__TASK INSTRUCTIONS__: All of the listing should be output exactly, apart from the pictures.

__DATA EXTRACT__:
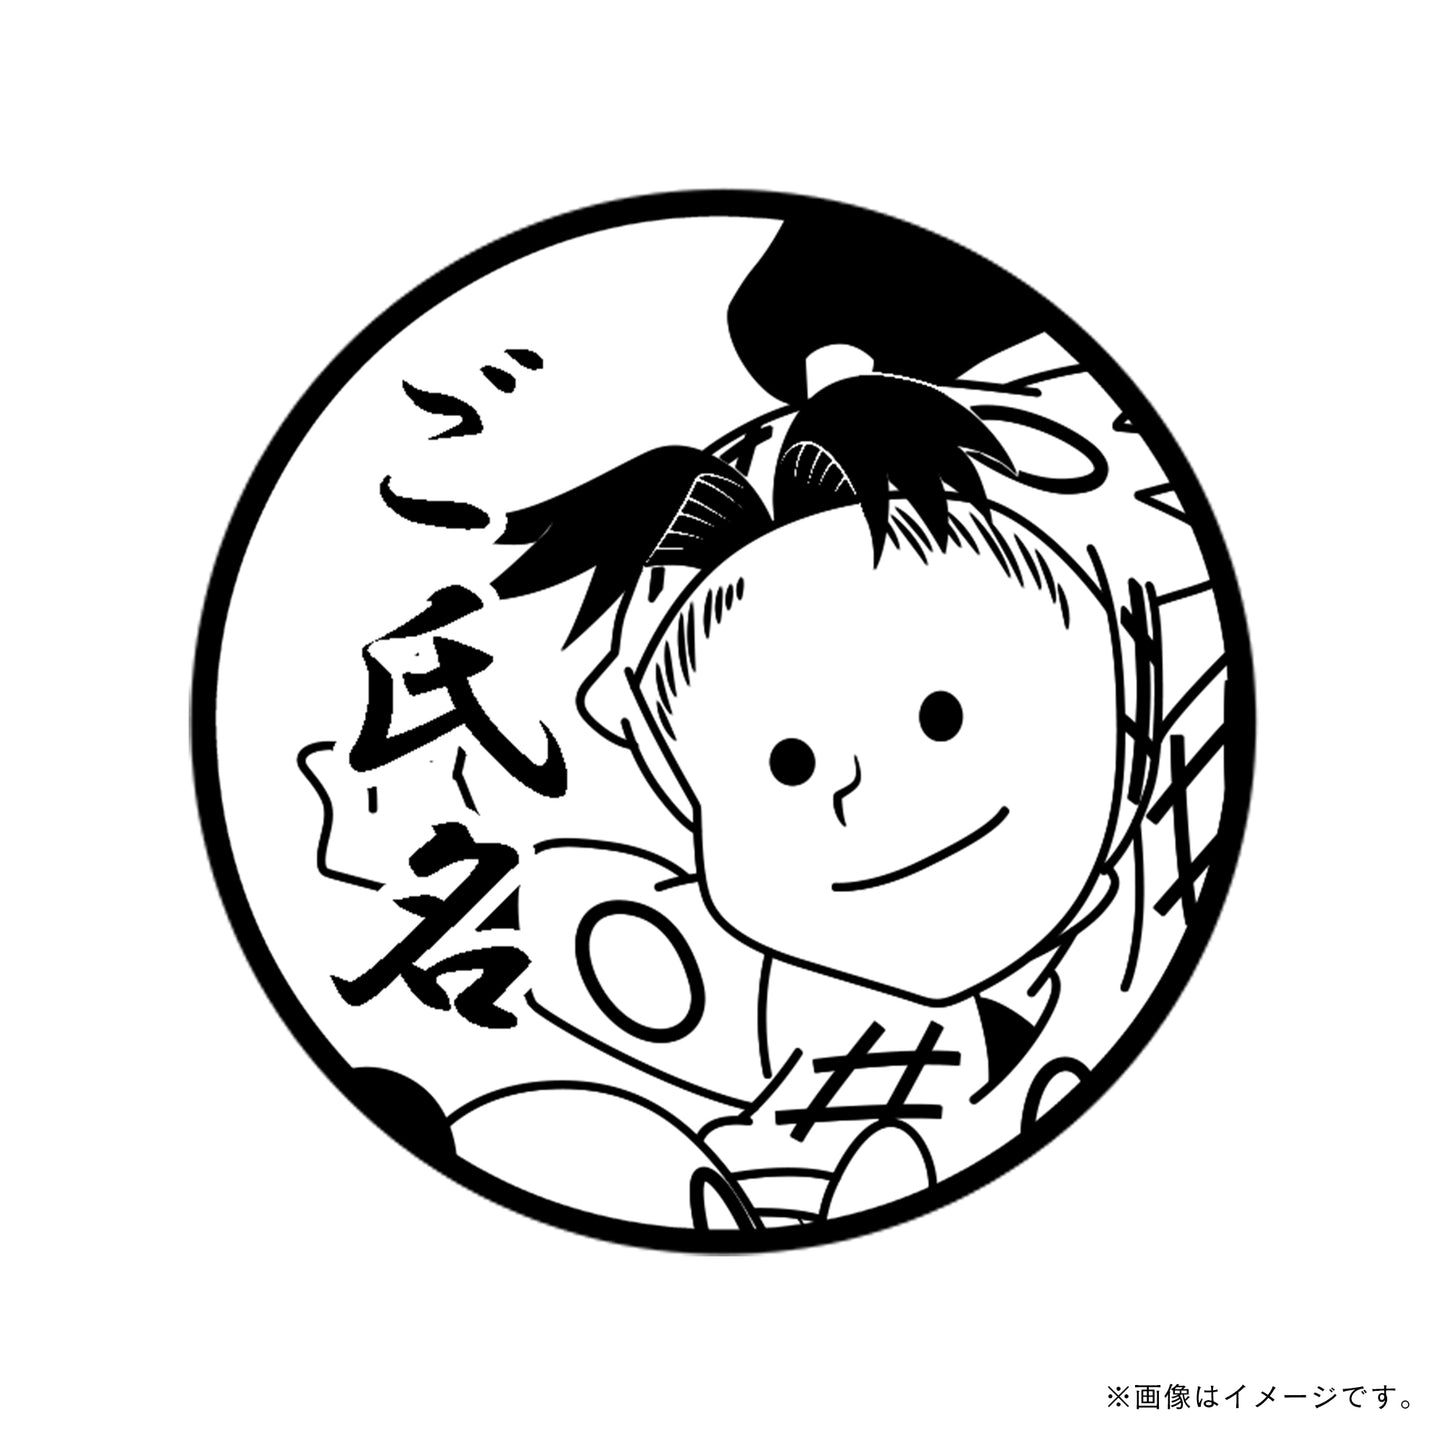 【忍たま乱太郎】1年生・加藤団蔵・丸印18mm
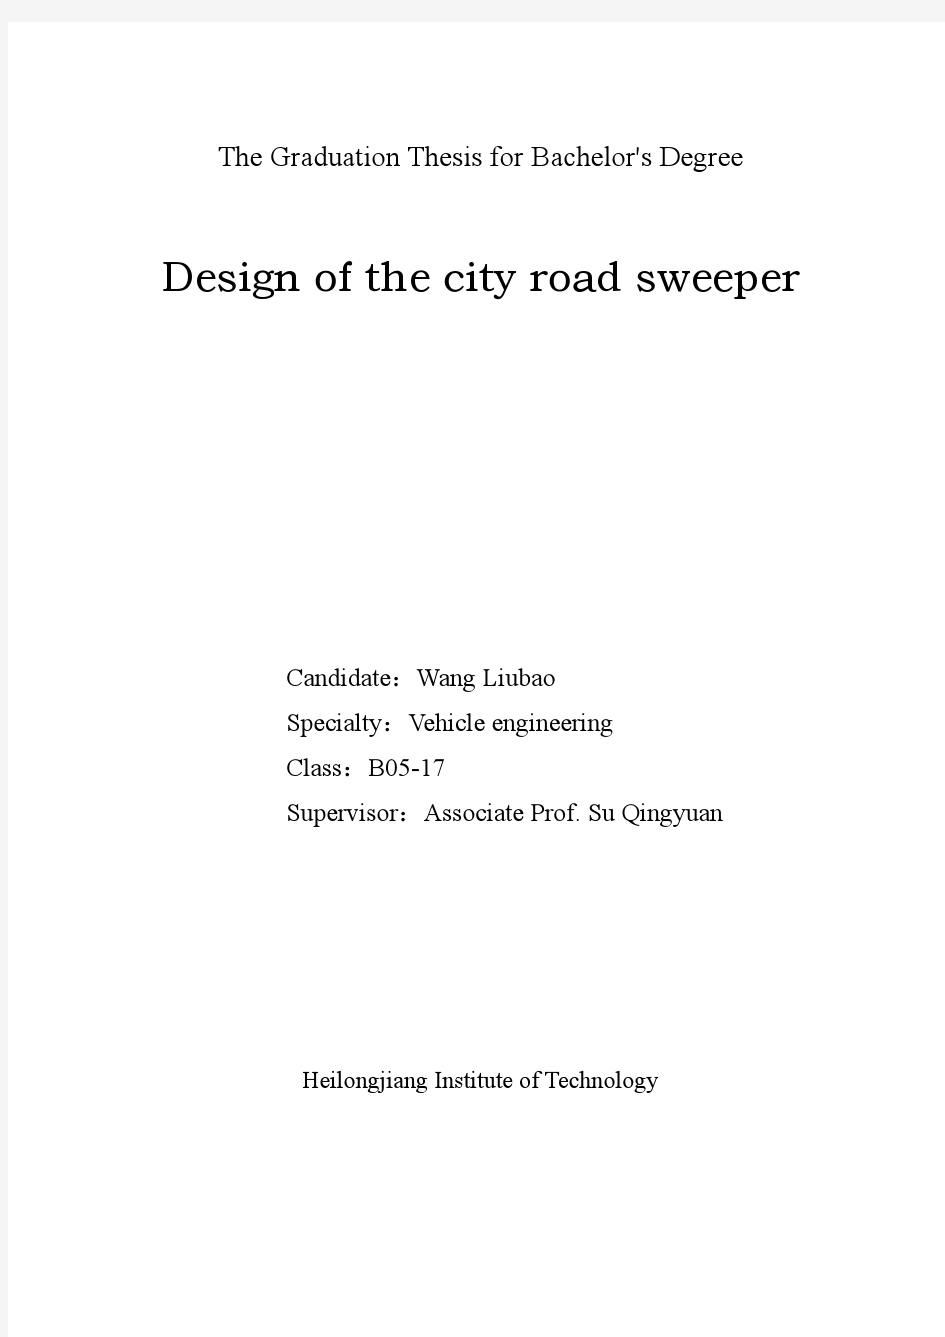 车辆工程毕业设计77城市道路清扫车的设计说明书
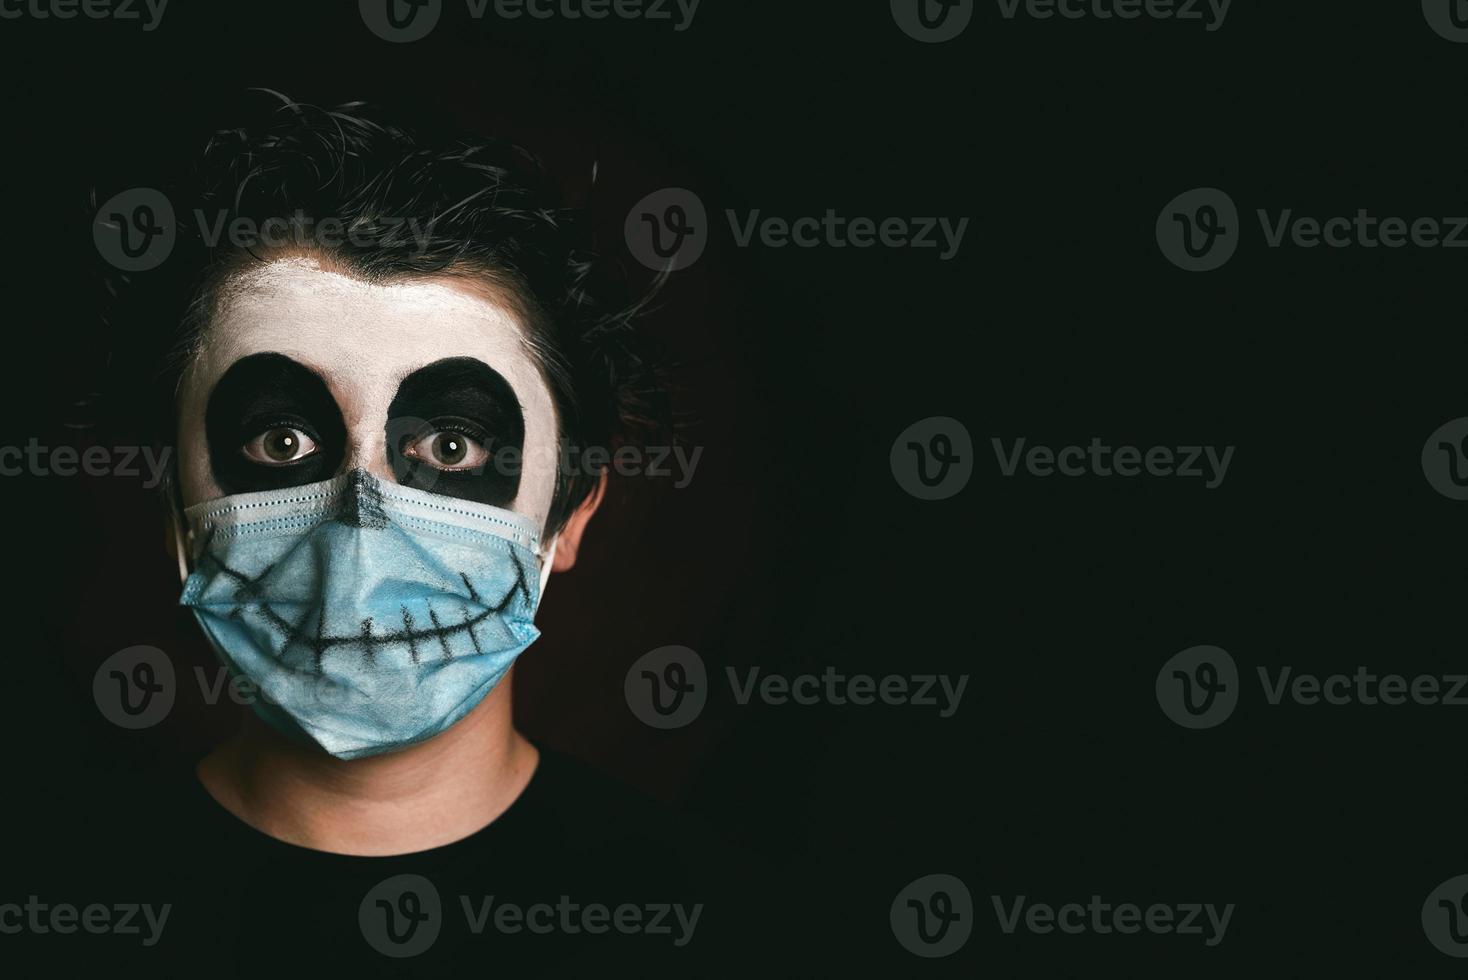 feliz halloween primer plano de niño con máscara médica en un disfraz de esqueleto foto

__ANSWER TO THE EXERCISE__:
 【忍たま乱太郎】1年生・加藤団蔵・丸印18mm
 车辆工程毕业设计77城市道路清扫车的设计说明书
 feliz halloween primer plano de niño con máscara médica en un disfraz de esqueleto foto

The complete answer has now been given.